Carney FAILS on campaign promises
Canada’s economy, affordability crisis, trade uncertainty, energy future, immigration policy, and public-sector accountability all collide in this episode of The Really Big Show.
The discussion opens with Mark Carney’s broken campaign promises, including his claim that he was the best person to negotiate with Donald Trump and protect Canada’s trade relationship with the United States. With CUSMA uncertainty growing, Mexico appearing to move ahead in talks, and Canadian businesses facing more instability, the hosts argue Canada is being left exposed at the worst possible time.
From there, the conversation turns to Canada’s stalled resource economy, the lack of private-sector confidence in major projects, and the push for electrification. The hosts question whether Carney’s energy strategy actually addresses affordability, reliability, and economic growth, or simply distracts from the urgent need to get Canadian resources to market.
The episode also digs into public-sector entitlement and government waste, including massive executive expenses, business-class travel, a growing federal bureaucracy, and billions spent on outside consultants. At a time when Canadians are struggling with groceries, rent, mortgages, and taxes, the segment asks why government officials keep spending like there are no consequences.

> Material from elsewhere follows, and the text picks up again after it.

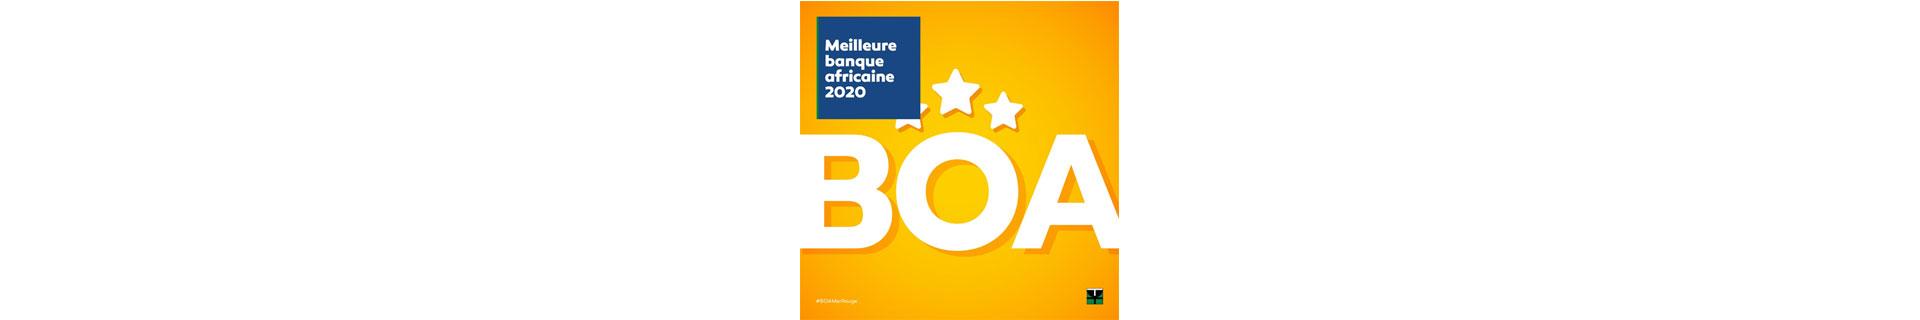 BANK OF AFRICA désignée «meilleure banque africaine 2020»

Finally, the show looks at Canada’s new immigration category for foreign military recruits and raises concerns about national security, military readiness, and whether the government is truly rebuilding the Armed Forces or just shifting numbers around to satisfy NATO spending targets.
It is a full breakdown of a country facing serious pressure on multiple fronts: weaker investment, higher costs, trade uncertainty, energy grid questions, government waste, and leadership that seems more focused on spin than results.